The modern data-security stack, decoded
The category has fragmented into distinct-but-overlapping layers. DSPM (Data Security Posture Management) discovers sensitive data across cloud stores and maps who can access it — the fastest-growing layer. Data discovery & classification finds and labels PII, PHI, and secrets wherever they sprawl. DLP (Data Loss Prevention) enforces policy at the egress points (email, endpoint, cloud). DAG/DAM (data access governance / monitoring) watches who touches what. Most 2026 buyers start with DSPM because discovery is the prerequisite for everything else.
DSPM & data discovery leaders
The DSPM market consolidated fast — several leaders were acquired by platform vendors, which is itself a signal of how central data discovery has become.
- Cyera — AI-native DSPM leader; strong classification accuracy and access mapping across multi-cloud.
- Sentra — DSPM with strong data-flow and cloud-store coverage.
- Varonis — the long-standing leader in data access governance and monitoring, now with DSPM; deepest on on-prem + M365 permissions.
- BigID — broad data discovery, privacy, and classification platform; strong for regulated/privacy-driven programs.
- Wiz and Palo Alto Prisma Cloud — CNAPP platforms that now include DSPM, best if you want data posture inside your cloud-security platform.
- Securiti.ai — data command center spanning DSPM, privacy, and governance.
- Normalyze and Dig Security — DSPM specialists (both acquired into larger platforms).
PII discovery & classification
If your immediate need is finding personal data for a privacy program (GDPR, CCPA) or a data-subject-access-request workflow, the discovery-and-classification tools are the entry point: BigID, Securiti, OneTrust, and Cyera all classify PII/PHI at scale.
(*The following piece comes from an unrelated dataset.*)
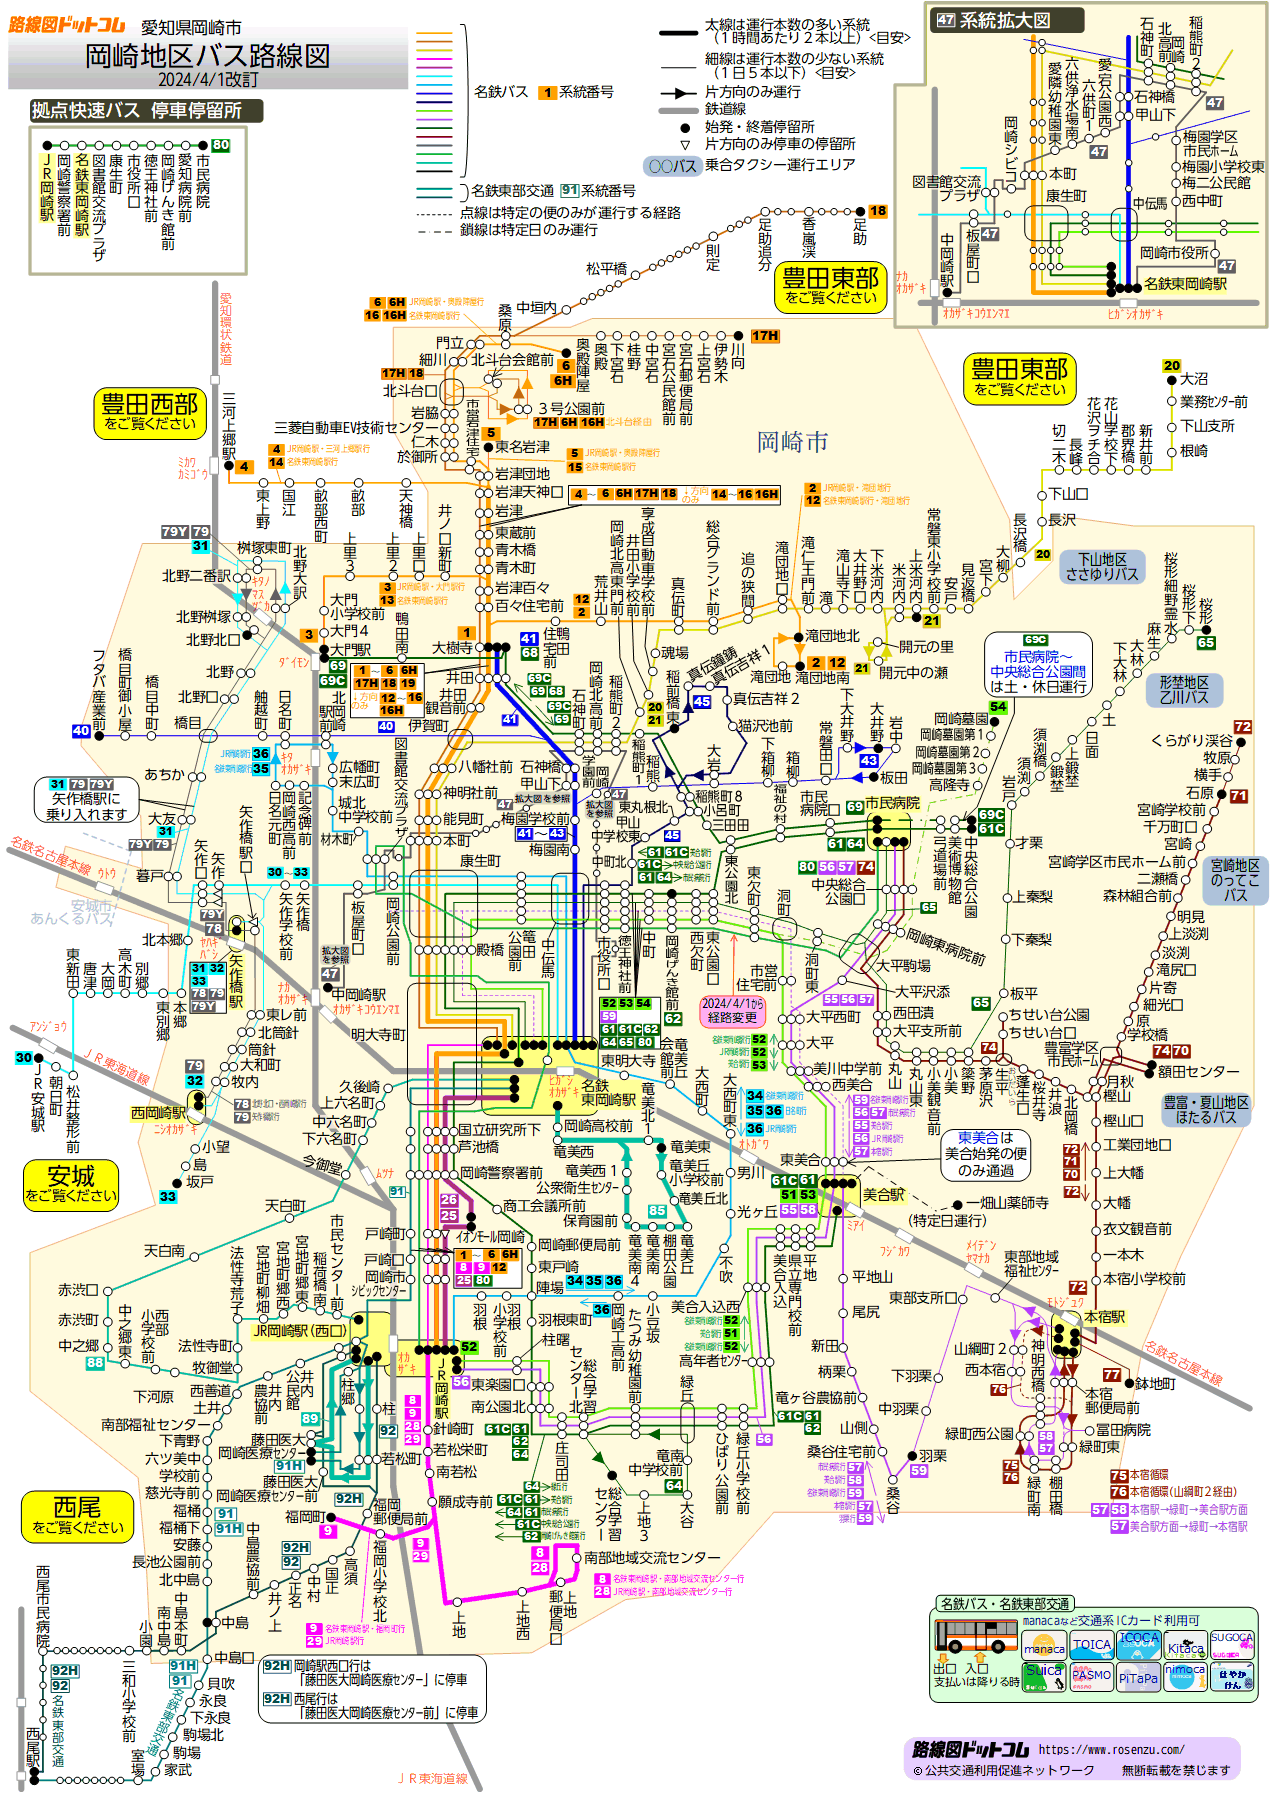 路線図ドットコム 愛知県 岡崎地区バス路線図

The differentiator is classification accuracy on unstructured data (documents, chat, tickets) — demand a proof-of-concept scan of your real messy data, not the vendor's clean demo set.
DLP — where enforcement happens
DLP enforces policy at egress. The market splits between platform-bundled DLP (Microsoft Purview, Zscaler, Netskope, Forcepoint) and modern data-aware challengers (Cyberhaven for data-lineage-based DLP, Nightfall for SaaS/AI DLP). In 2026, "DLP for AI" — stopping sensitive data from flowing into public LLMs — is the fastest-rising use case; check whether your DLP covers the AI egress path.
How to choose without overbuying
- Start with discovery (DSPM). You cannot write meaningful DLP policy until you know what and where your sensitive data is.
- Test classification accuracy on your real unstructured data — the false-positive rate on documents and chat is where tools diverge most.
- Check cloud coverage against your actual stores (S3, Azure Blob, GCS, Snowflake, Databricks, M365, plus SaaS apps).
- Confirm the AI-egress path if stopping data leaks into public LLMs matters.
- Decide platform-bundled vs specialist — if you already run a CNAPP (Wiz, Prisma), its DSPM module may be enough before buying a standalone.